# My first silver barless!



## g0ldenb0y55 (Dec 23, 2008)

For 2 years I've been trying to produce a silver/ash red barless bird and I finally got one! I'm very excited because the parents are 2 of my best birds. The sire is an 04 RC janssen and the dam is an 09 pied black diamond. 










Thanks for looking.

Henry


----------



## JaxRacingLofts (Apr 11, 2010)

Congratulations! Good looking ybs you have there Henry.


----------



## g0ldenb0y55 (Dec 23, 2008)

Thanks Bro! This has been long awaited. The 2 that produced this youngster are exceptional birds. The dam is a full sister to sire of the 2 birds you got from me. My goal is to procuce a barless pair to produce barless racing birds on a consistant basis. I'm halfway there!


----------



## MaryOfExeter (Sep 30, 2007)

Cute bird! Lavenders aren't hard to make if you put a red cock (easier if he is pure) with a pure black hen. Now the real challenge is making true ash-red barless birds - with the barless gene, not spread.


----------



## george simon (Feb 28, 2006)

*Hi Henry, Very nice looking young bird. Now I must tell you that the young bird is not a barless it is in fact an ash spread, I also will say that it will be a hen. Your ash red check cock threw the red color while the black hen threw the spread gene, thus you have an ash red spread youngster. In any event you have a nice looking young bird * GEORGE


----------



## g0ldenb0y55 (Dec 23, 2008)

Thanks guys (George & Becky)! I'm happy either way and I already have a cock selected for her if she races anything like her parents!


----------



## spirit wings (Mar 29, 2008)

nice! how exciting...congrats..


----------



## Bluecheckard (Jun 23, 2008)

nice babies bro.....


----------



## g0ldenb0y55 (Dec 23, 2008)

spirit wings said:


> nice! how exciting...congrats..


Tahnks Spirit



Bluecheckard said:


> nice babies bro.....


Thanks bro, it would have been perfect if the PINOY bands were ready!


----------



## blongboy (Nov 10, 2009)

g0ldenb0y55 said:


> For 2 years I've been trying to produce a silver/ash red barless bird and I finally got one! I'm very excited because the parents are 2 of my best birds. The sire is an 04 RC janssen and the dam is an 09 pied black diamond.
> 
> 
> 
> ...


nice can i have him..lol j/k


----------



## NewHopePoultry (Feb 7, 2010)

Very pretty!


----------



## JaxRacingLofts (Apr 11, 2010)

george simon said:


> *Hi Henry, Very nice looking young bird. Now I must tell you that the young bird is not a barless it is in fact an ash spread, I also will say that it will be a hen. Your ash red check cock threw the red color while the black hen threw the spread gene, thus you have an ash red spread youngster. In any event you have a nice looking young bird * GEORGE


I wish I understood genetics like you guys. I've read several websites on pigeon genetics and I still can't put it all together like you and Becky can.

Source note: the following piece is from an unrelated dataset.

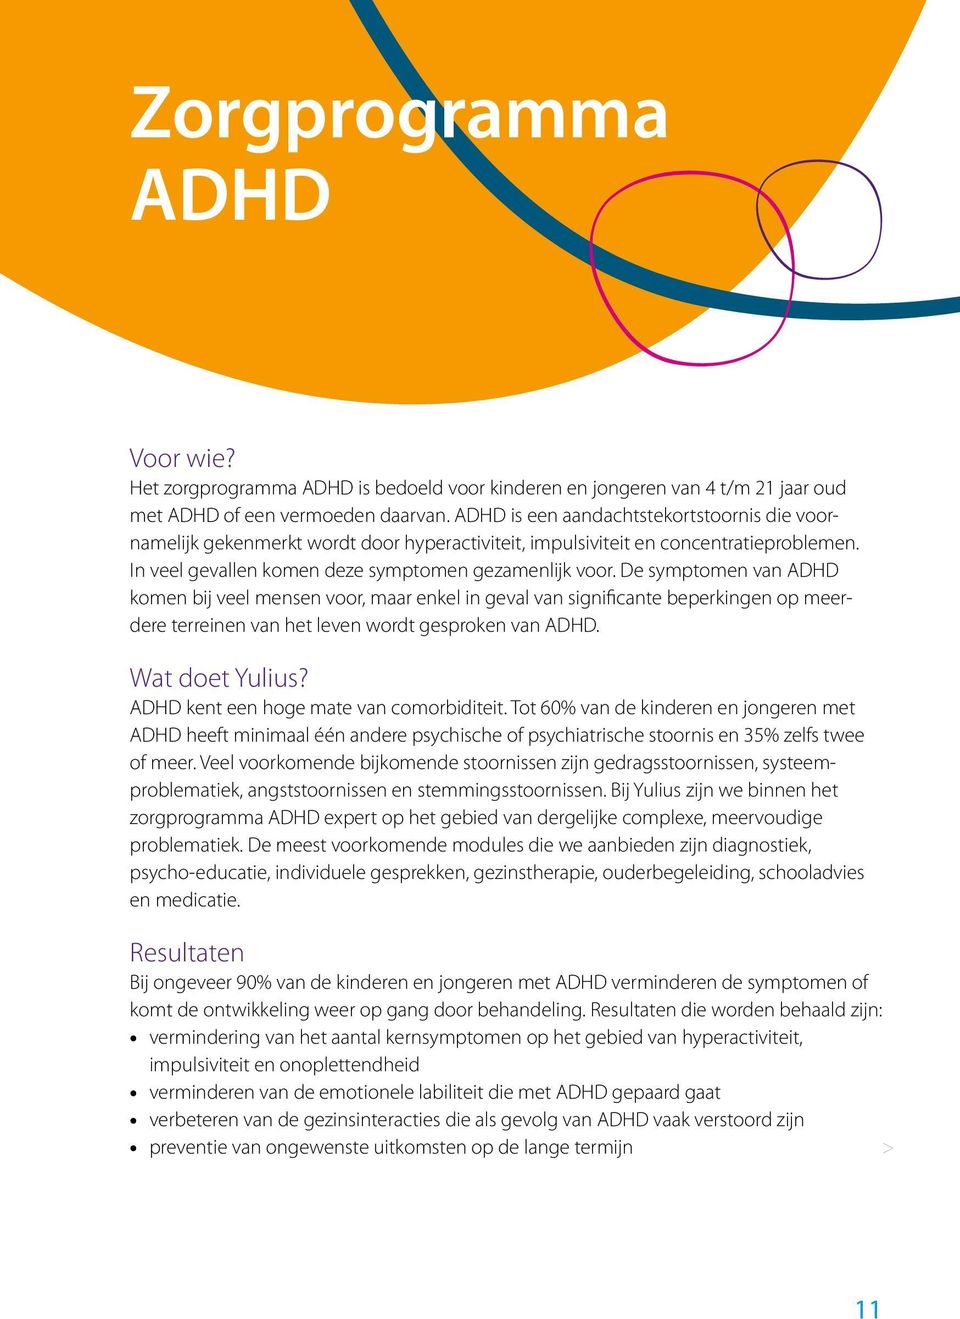 De symptomen van ADHD komen bij veel mensen voor, maar enkel in geval van significante beperkingen op meerdere terreinen van het leven wordt gesproken van ADHD. Wat doet Yulius?

Maybe you could create a post with a "shortcut" key explaining a very complex subject into laymans terms. For example explaining how you can determine the sex by the color inherited from the sire. 

Tom Barhart has a nice website covering the subject..but I could use some help understanding the subject.


----------



## MaryOfExeter (Sep 30, 2007)

Although this isn't a sex-linked mating, we're assuming it is a hen because it doesn't have any blue flecking showing. Only males can carry two color genes. The ash-red is dominant, so it shows, but the blue shows through as little flecks in the wings and tail mostly. Hens can only have one color gene, so what you see is what you get, therefore it can't be flecked.


----------



## blongboy (Nov 10, 2009)

jAxTecH said:


> I wish I understood genetics like you guys. I've read several websites on pigeon genetics and I still can't put it all together like you and Becky can.
> 
> Maybe you could create a post with a "shortcut" key explaining a very complex subject into laymans terms. For example explaining how you can determine the sex by the color inherited from the sire.
> 
> Tom Barhart has a nice website covering the subject..but I could use some help understanding the subject.


short cut would be nice!


----------



## MaryOfExeter (Sep 30, 2007)

I will do my best to make some sticky threads in simple terms over time. I started with sex-linked matings/flecking.
 Genetics websites tend to be way too drawn out, which don't get me wrong, it is interesting...but sometimes you want to go somewhere and get a short and sweet answer...without having to disect 5 pages worth of info for what you need.


----------



## g0ldenb0y55 (Dec 23, 2008)

Becky, george and a few others here are really pros at this genetics stuff.


----------



## Chilangz (Apr 3, 2008)

Cute looking young one


----------



## george simon (Feb 28, 2006)

jAxTecH said:


> I wish I understood genetics like you guys. I've read several websites on pigeon genetics and I still can't put it all together like you and Becky can.
> 
> Maybe you could create a post with a "shortcut" key explaining a very complex subject into laymans terms. For example explaining how you can determine the sex by the color inherited from the sire.
> 
> Tom Barhart has a nice website covering the subject..but I could use some help understanding the subject.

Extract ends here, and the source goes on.